Testing hospital patients on their ability to perform everyday tasks before they are released could go a long way to keeping them from returning to the hospital, new research from Johns Hopkins University suggests.
Tasks such as moving from a bed to a chair, eating, using the toilet and communicating are uniformly assessed after patients go to rehabilitation facilities from hospitals, but function isn't always tested in a standardized way before they go. And Hopkins researchers found that low scores on a standardized test of the tasks was a good predictor of hospital readmission.
Improving a patient's abilities before they leave could not only benefit the patient but the hospital's bottom line. Medicare is now penalizing hospitals when patients return within 30 days.
"The Functional Independence Measure score is a direct reflection of a patient's ability to heal," said Dr. Erik Hoyer, an assistant professor in Hopkins' Department of Physical Medicine and Rehabilitation and the department's deputy director of quality and safety. "When a person cannot move his or her legs or use the bathroom independently, for example, it's telling us something about the body's physiologic reserve, its overall ability to be resilient to disease."
The research was published in the May issue of the Journal of Hospital Medicine.
Hoyer and other researchers tracked the test scores for more than 9,000 patients admitted to rehab facilities from hospitals between 2006 and 2012 and if they were readmitted to the hospital. They found those with low scores were two to three times more likely to be readmitted within 30 days.

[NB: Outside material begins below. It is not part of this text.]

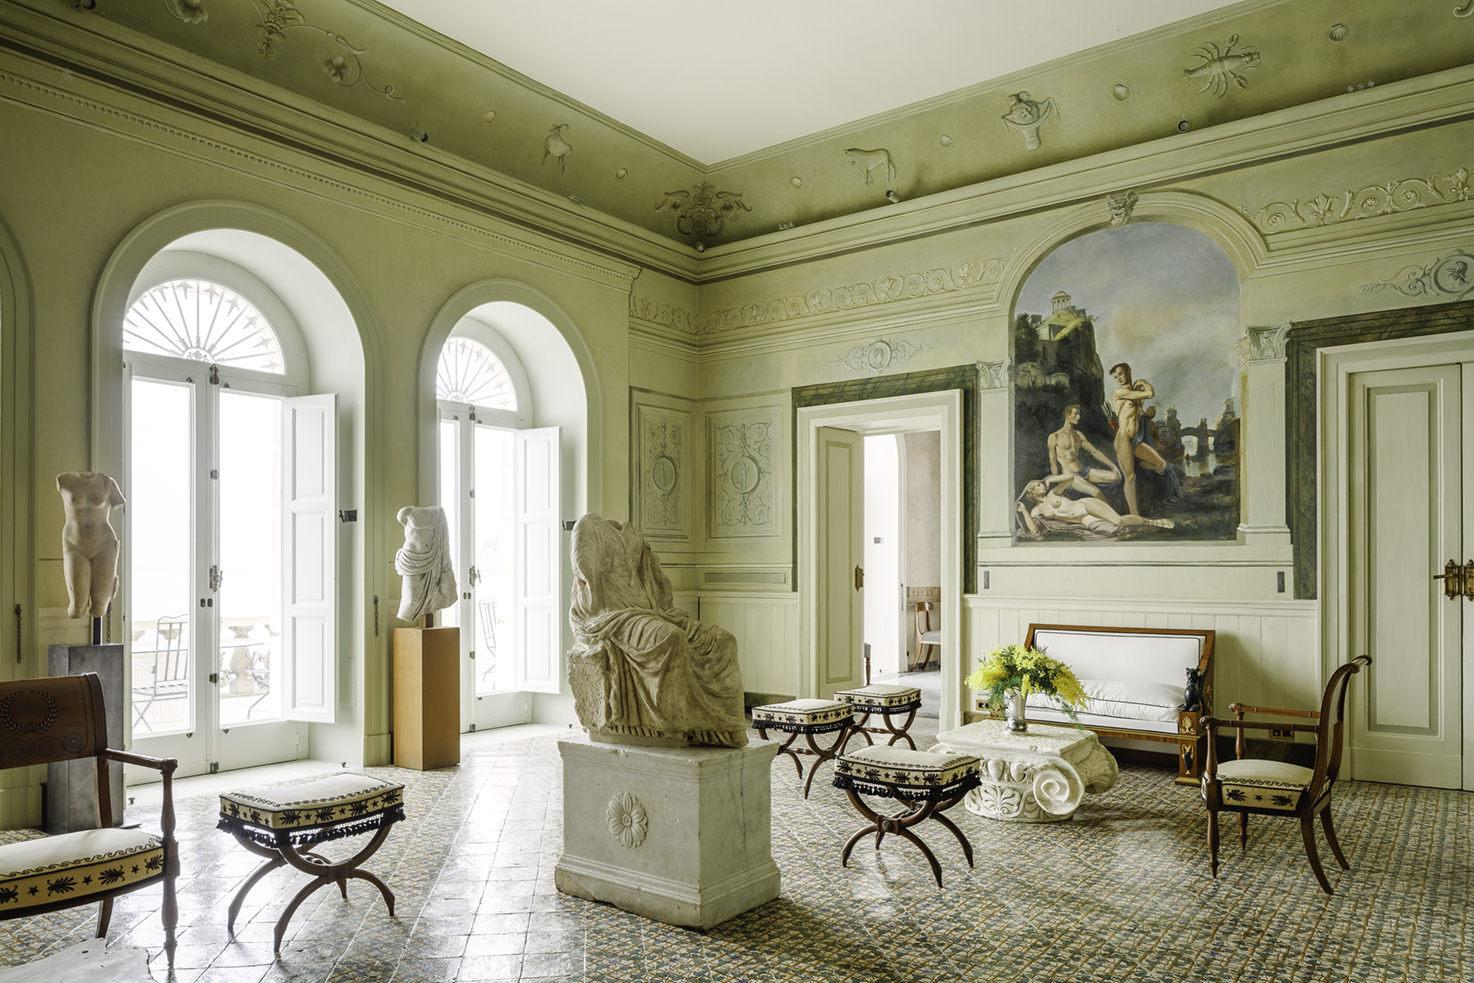 Green Hall of Villa Astor

Hoyer said hospitals aren't as focused on ensuring patients are mobile and functional before they leave.
"Helping patients become more functional before they leave the hospital is important not just for Medicare policy, but also for patients' overall hospital experience and quality of life when they leave," he said in a statement. "When you talk about whether someone can use a bedpan or the toilet, it's a question of dignity."